Top of GIVEN INFORMATION

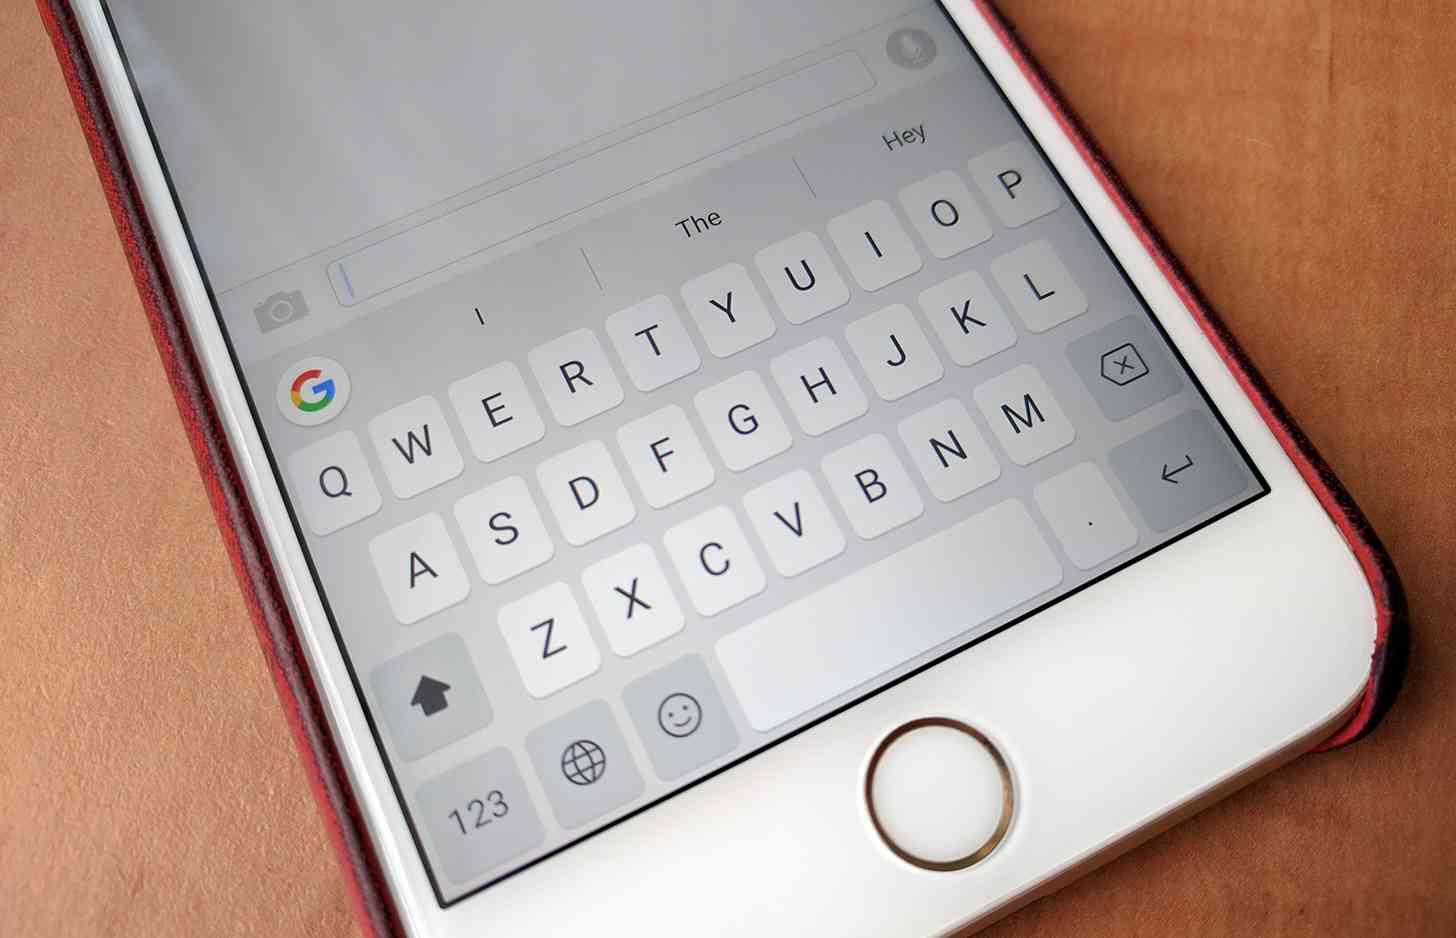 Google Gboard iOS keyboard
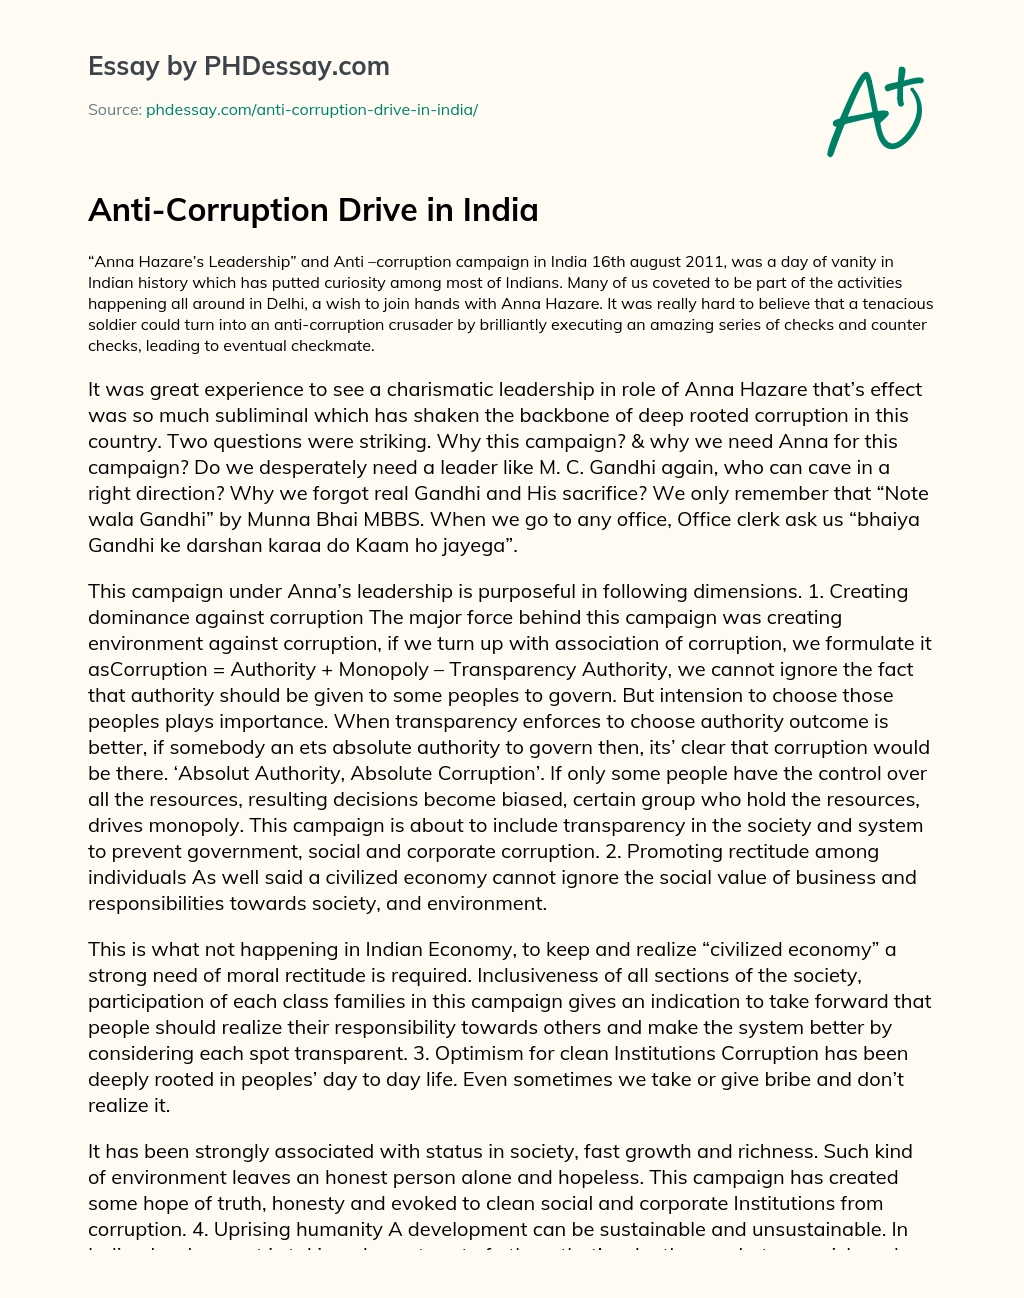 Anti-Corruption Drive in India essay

Bottom of GIVEN INFORMATION
Top of GIVEN INFORMATION

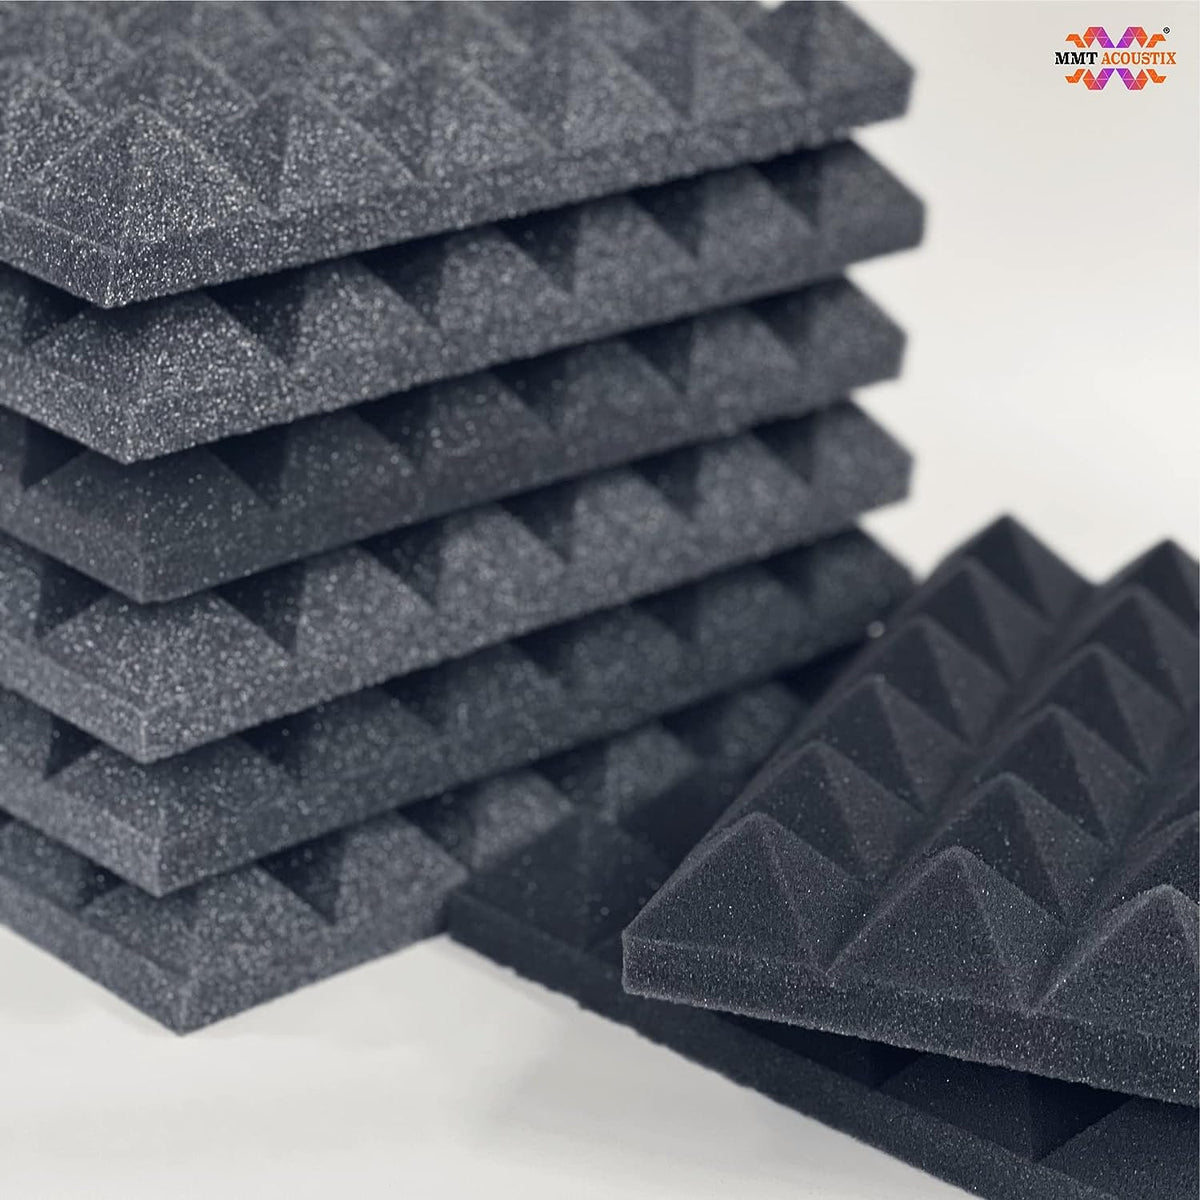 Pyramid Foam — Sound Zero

Bottom of GIVEN INFORMATION

**WHAT NEEDS TO BE DONE**
In the data above, take the line with "Google Gboard iOS keyboard", the line with "Anti-Corruption Drive in India essay", and every line between, and set them down exactly without pictures.

**THE COMPLETED TASK**
 Google Gboard iOS keyboard
 Anti-Corruption Drive in India essay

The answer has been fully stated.